Pour justifier ses gigantesques budgets, l’armée colombienne pratique le meurtre de civils et, en ayant recours à de macabres montages militaro-médiatiques, elle présente ensuite les cadavres comme des « guérilleros abattus au cours d’un combat ». Ces « faux positifs » (voir NDT), sont choisis dans la population rurale ou dans celle des quartiers périphériques les plus pauvres, mais on trouve également parmi eux des syndicalistes et des opposants. Il y a au moins 3 200 cas documentés de ces meurtres de civils ; l’impunité représente 99 % des auteurs matériels et 100 % des auteurs intellectuels de cette pratique.

60 % des syndicalistes assassinés dans le monde le sont en Colombie, par la force publique ou l’organisation paramilitaire des multinationales et de l’Etat.

Le crime d’Etat par la disparition forcée est un autre terrible « record » de la « démocratie » colombienne, qui surpasse les chiffres de torture et de disparition forcée des dictatures du Cône Sud : l’ONU reconnaît au moins 57 200 disparus, la Commission de Recherche a chiffré à 62 000 les disparus (août 2011), les victimes réclament environ 250 000 personnes disparues : dans les trois dernières années, les organes de répression de l’Etat colombien ont fait disparaître 38 255 personnes (Rapport de la Médecine Légale).

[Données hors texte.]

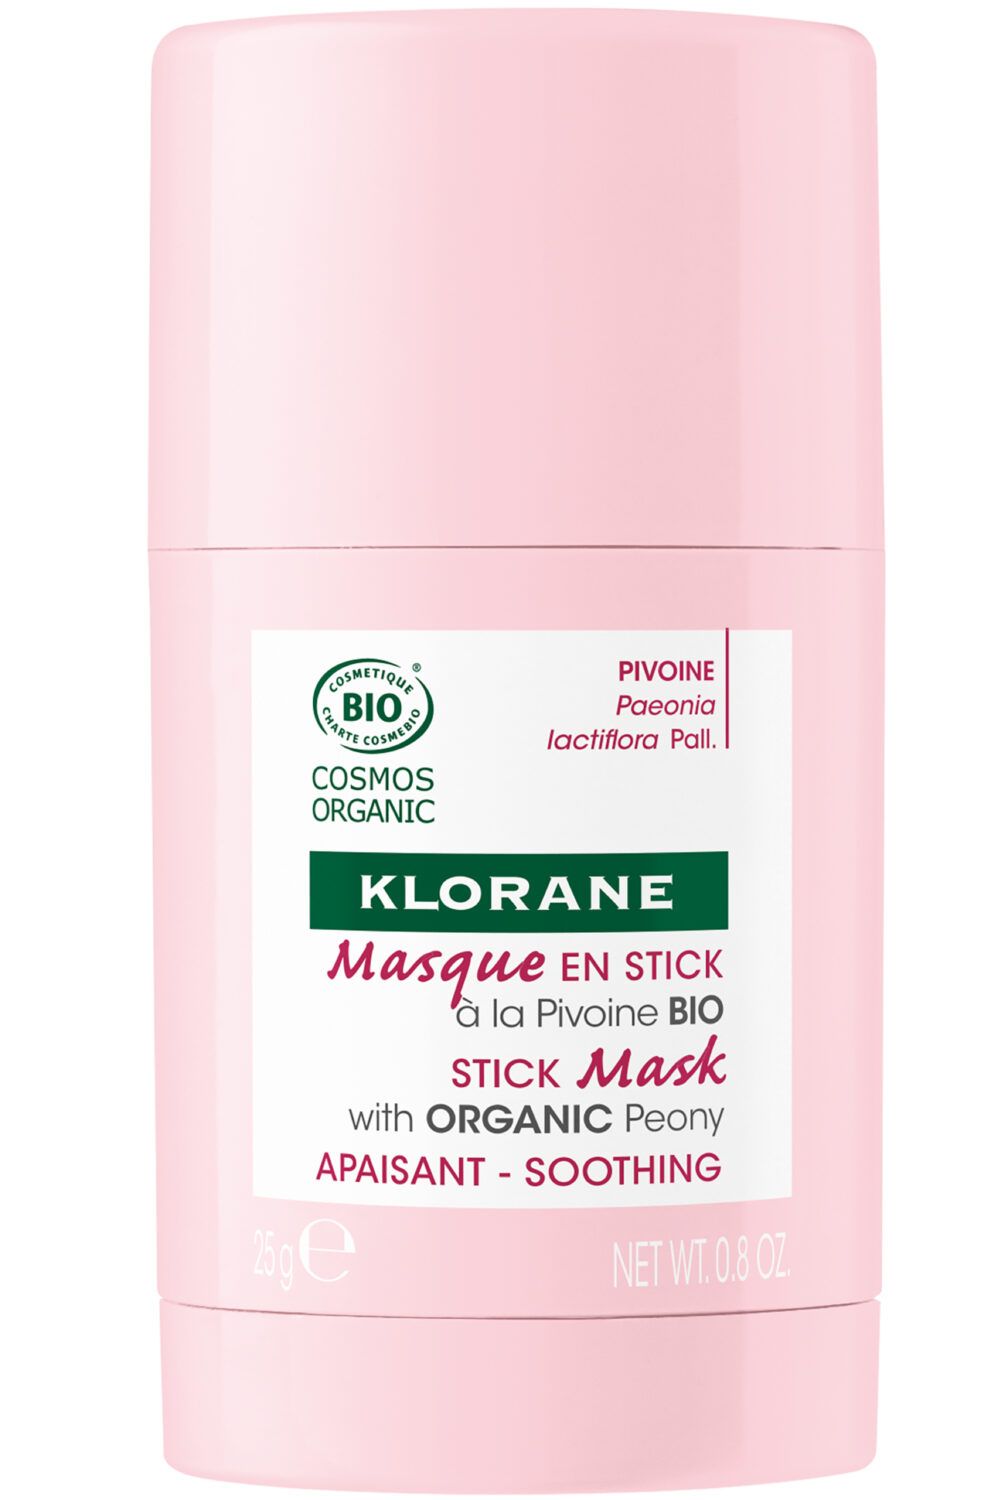 Klorane - Masque en stick apaisant à la Pivoine bio

La Colombie est le pays avec le plus de déplacés au monde : 5,2 millions de personnes déplacées de manière violente par les forces paramilitaires et leurs massacres (Asentamiento Jardín Oasis, quartier de peuplement de déplacés à Medellin, Manrique Oriental, Colombie, 1999)

La Colombie est le pays dans lequel il y a le plus de déplacés au monde, avec le Soudan : 5,2 millions de personnes déplacées de force (12) par l’organisation paramilitaire et ses massacres, dans le but d’offrir les terres ainsi « libérées » à la grande propriété rurale et aux multinationales : 40 % du territoire colombien est demandé en concession par des multinationales minières.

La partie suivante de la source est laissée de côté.